Action item: Work through the listing below and give again exactly the lines from the one with "Discoverycove" to the one with "Flowers | Yellow Roses by Trayko Popov", both ends included. All other lines and all pictures stay out.

===== Dataset excerpts =====

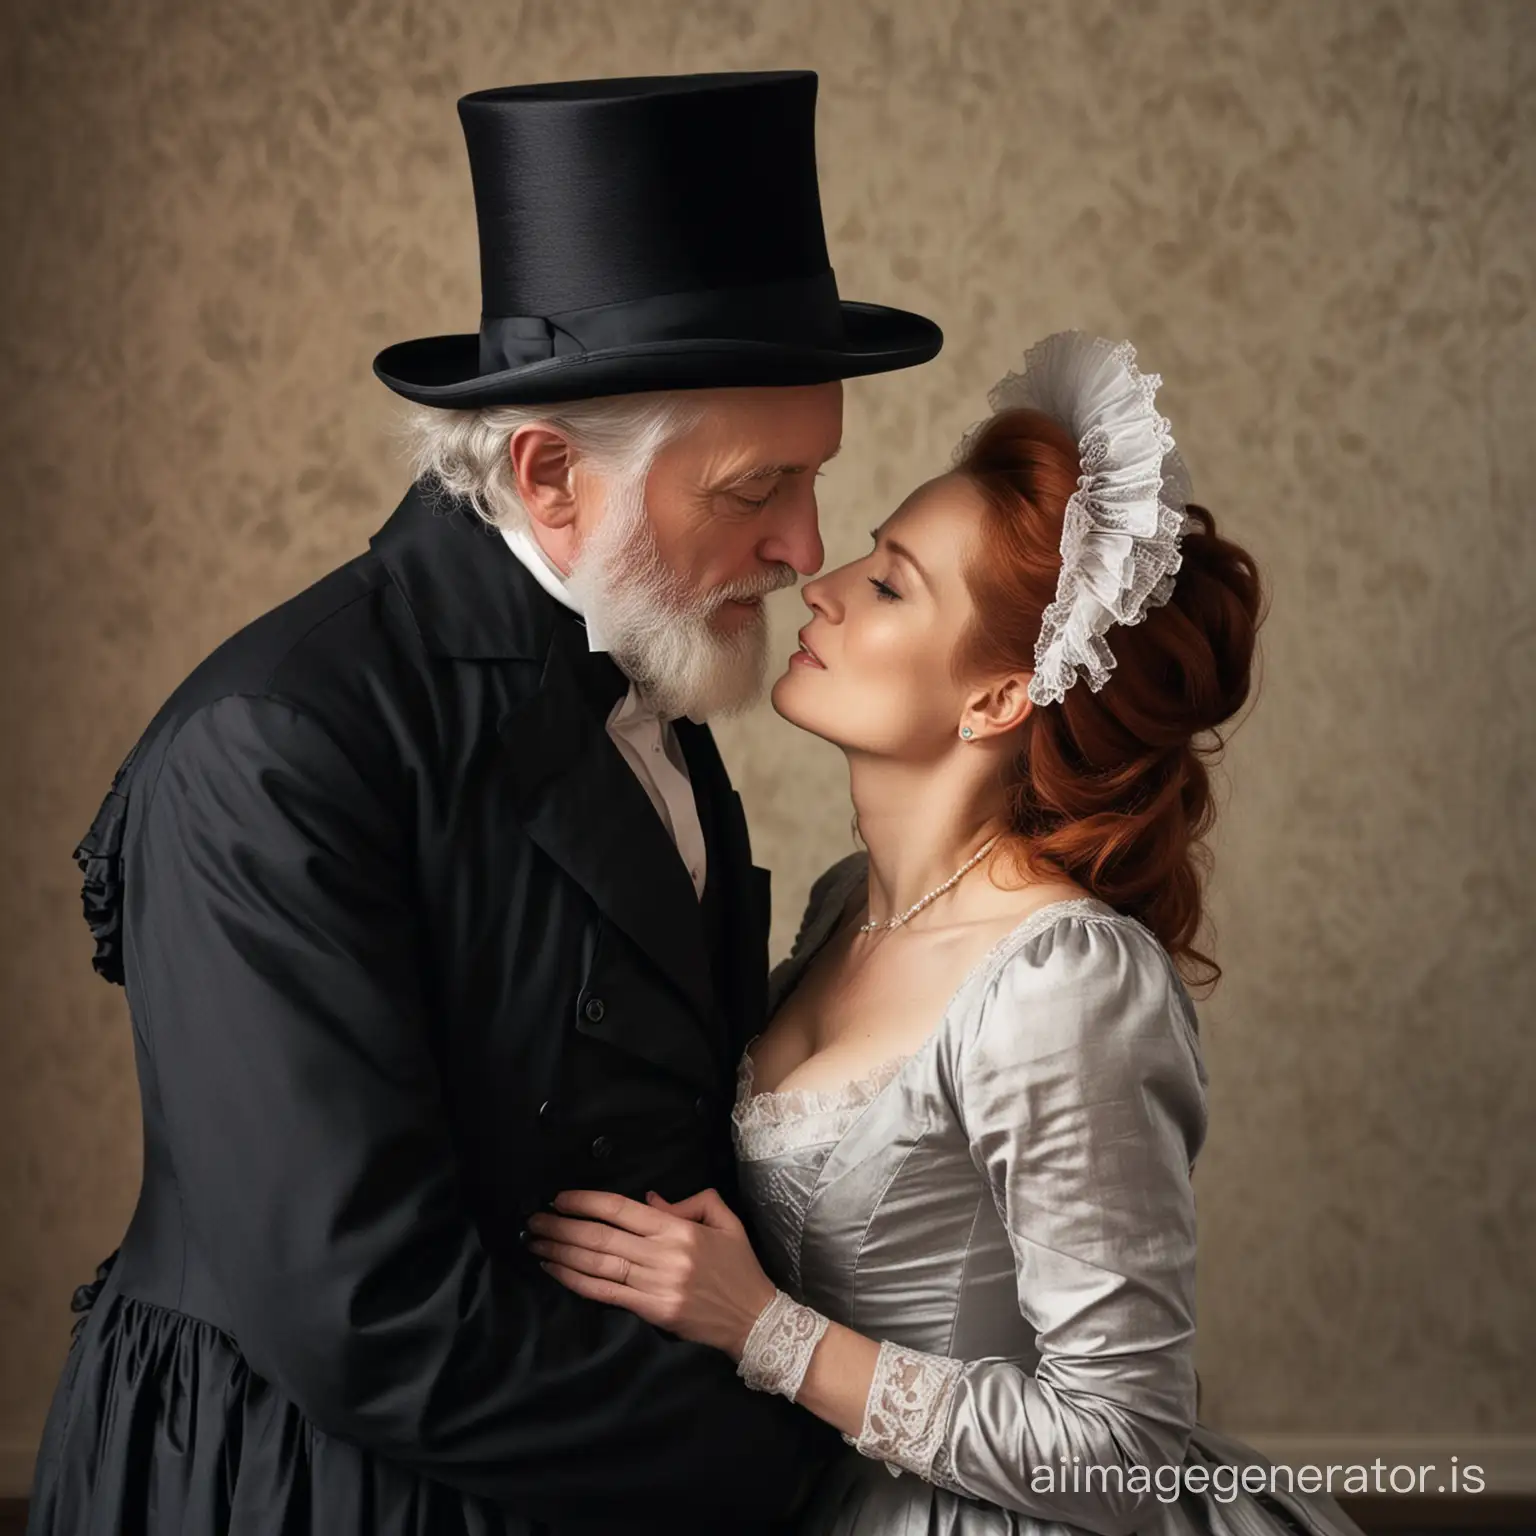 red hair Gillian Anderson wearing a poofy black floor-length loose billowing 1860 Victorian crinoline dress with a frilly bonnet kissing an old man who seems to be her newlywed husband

=====
===== Dataset excerpts =====

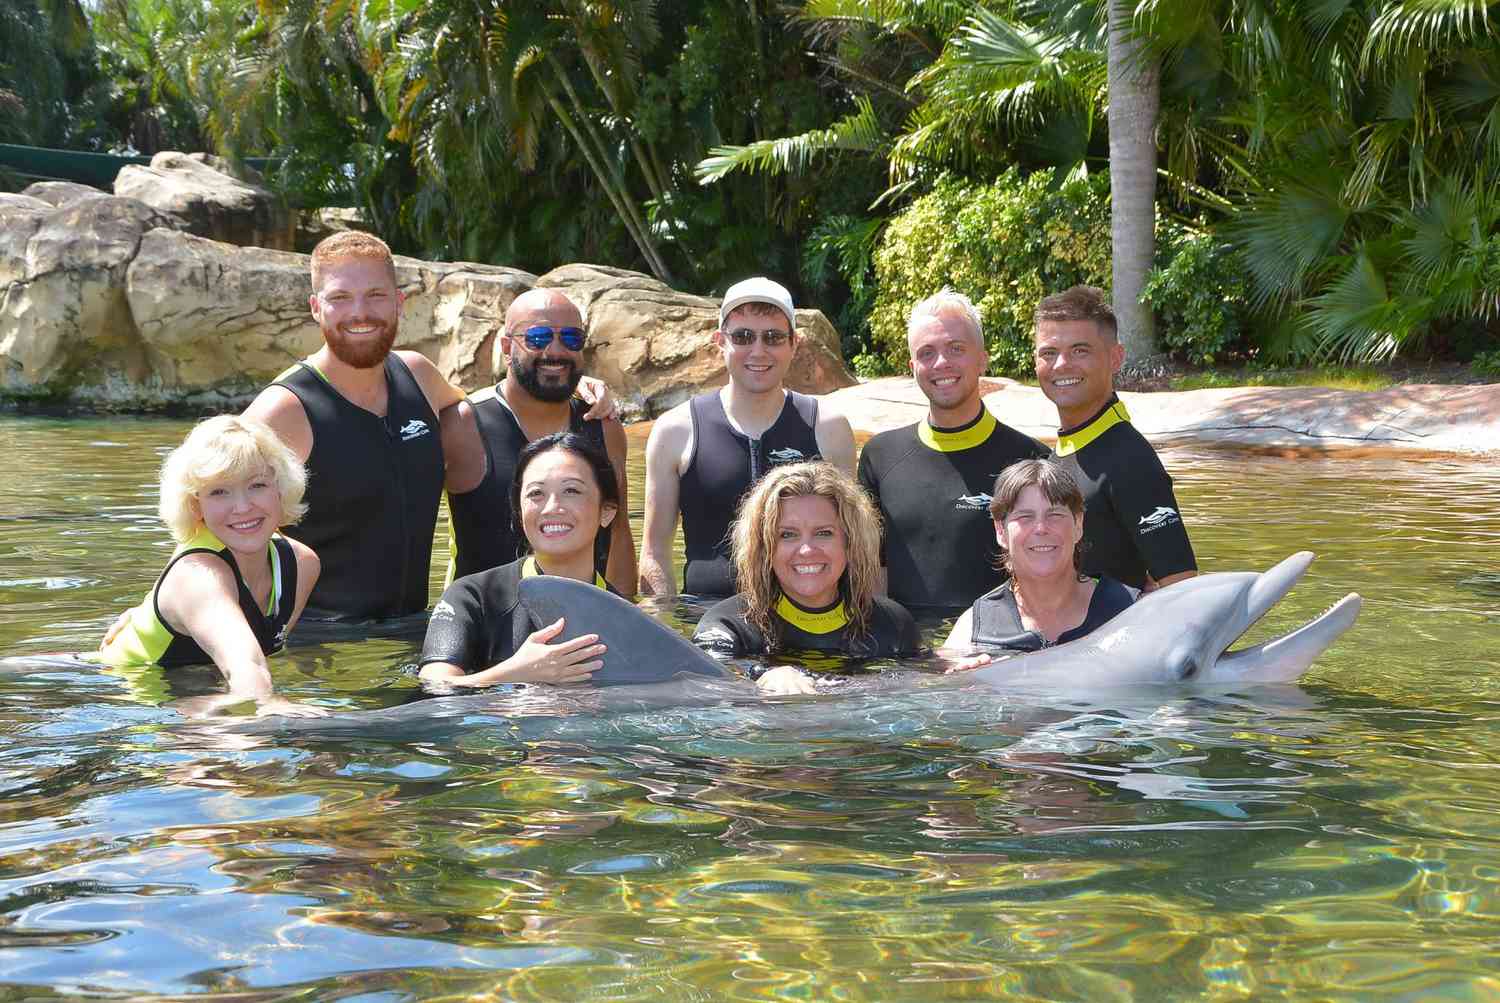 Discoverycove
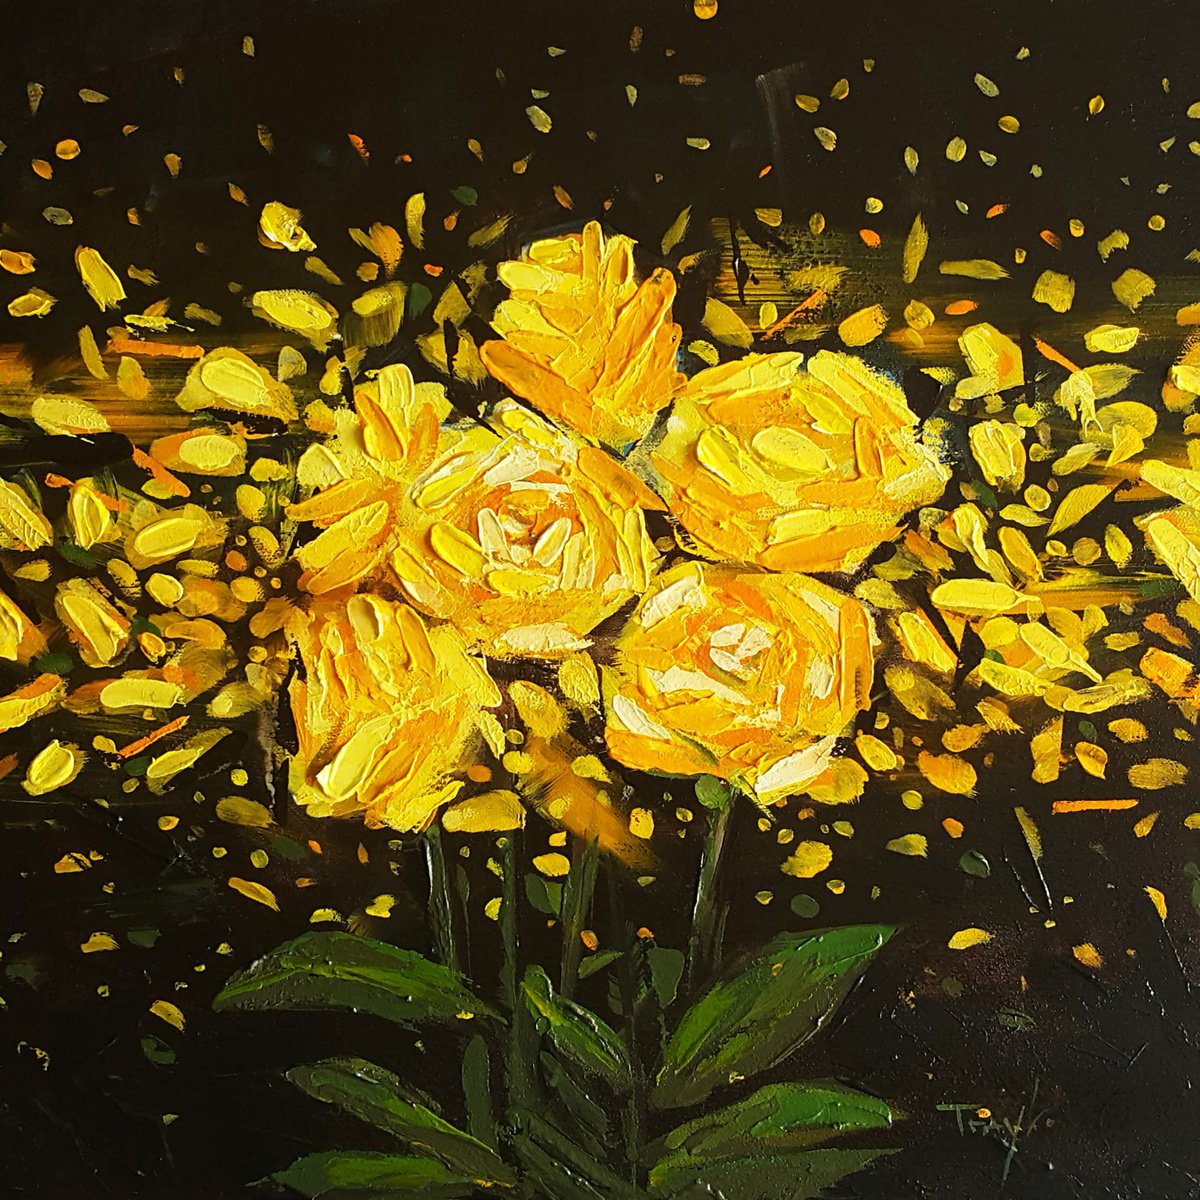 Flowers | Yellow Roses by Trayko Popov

=====
===== Dataset excerpts =====

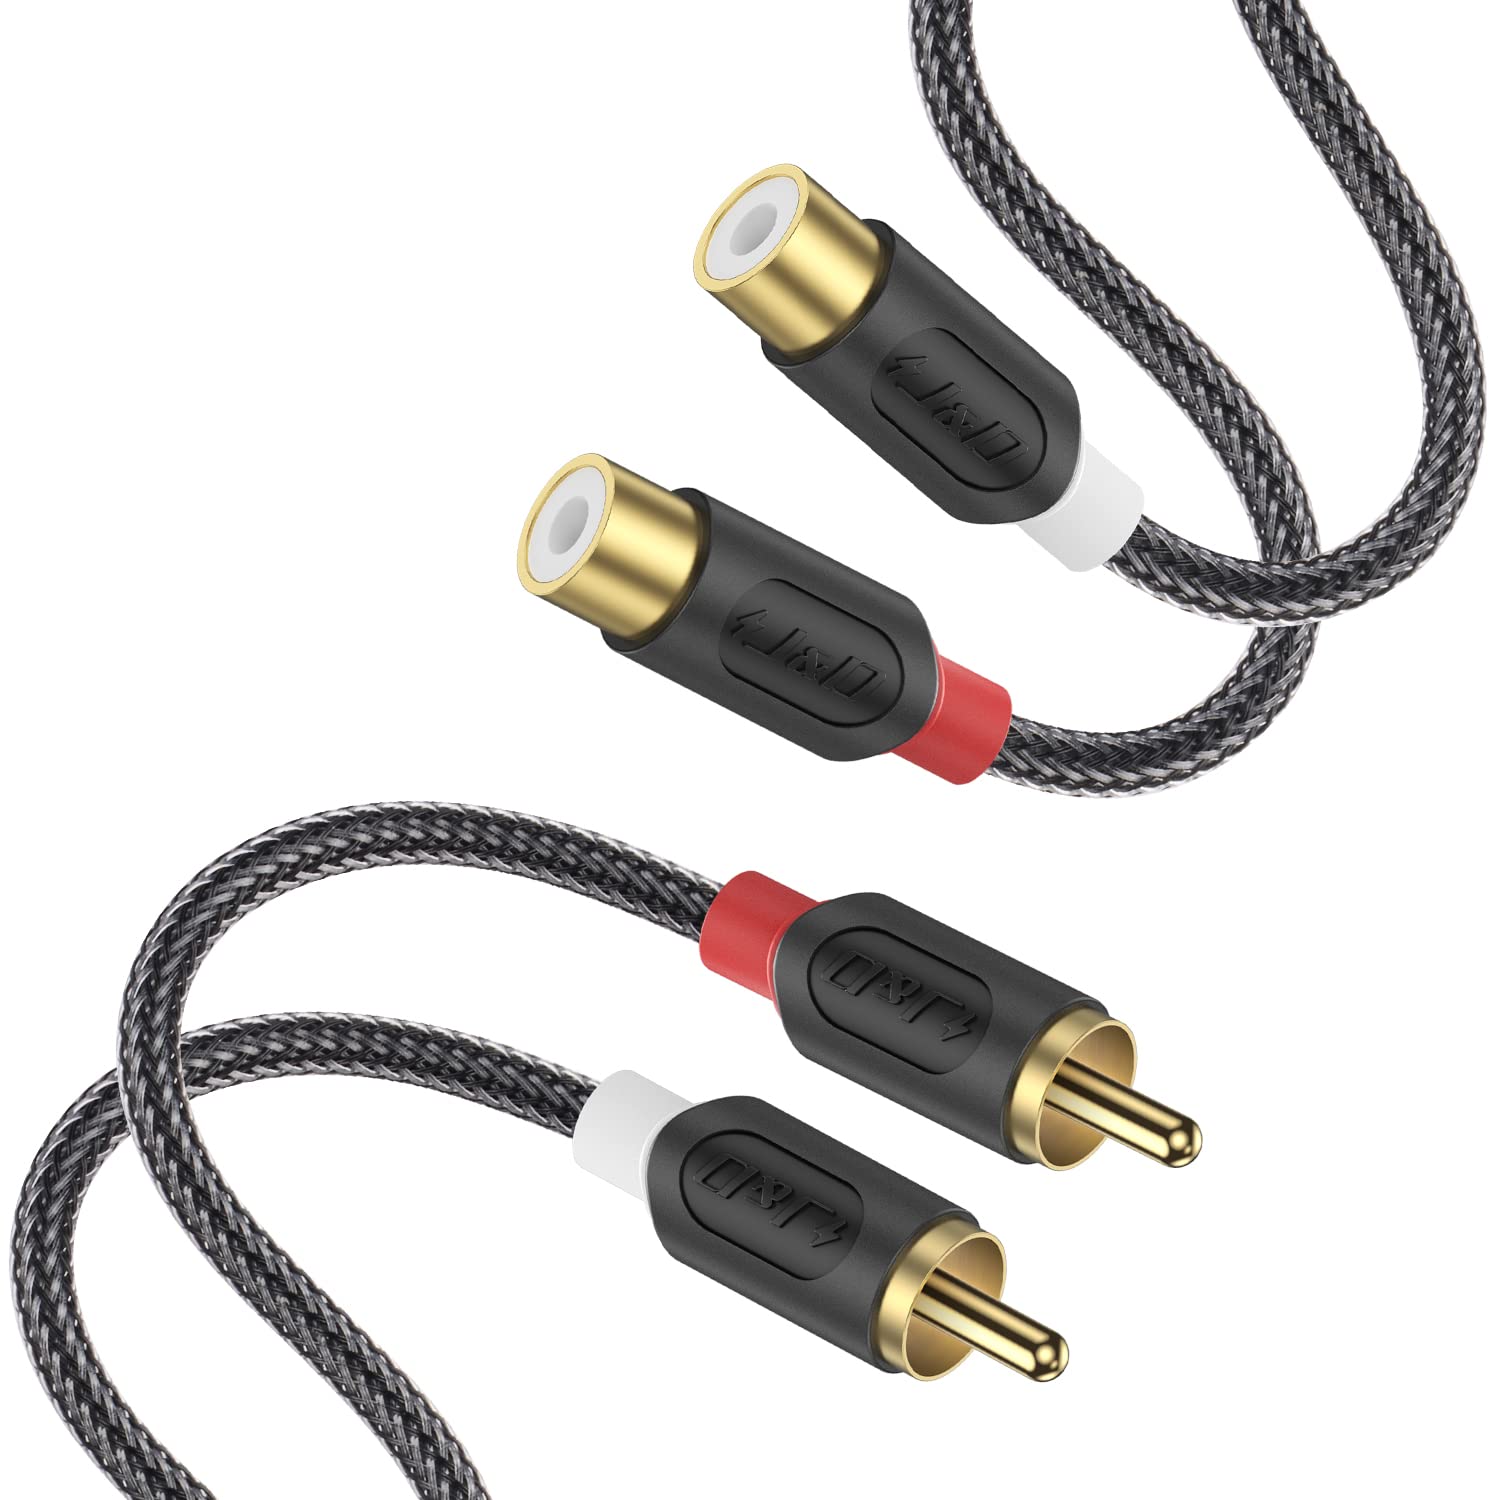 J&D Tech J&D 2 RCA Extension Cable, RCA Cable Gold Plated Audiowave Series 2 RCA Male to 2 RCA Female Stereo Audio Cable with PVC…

=====

Solution for this task:
 Discoverycove
 Flowers | Yellow Roses by Trayko Popov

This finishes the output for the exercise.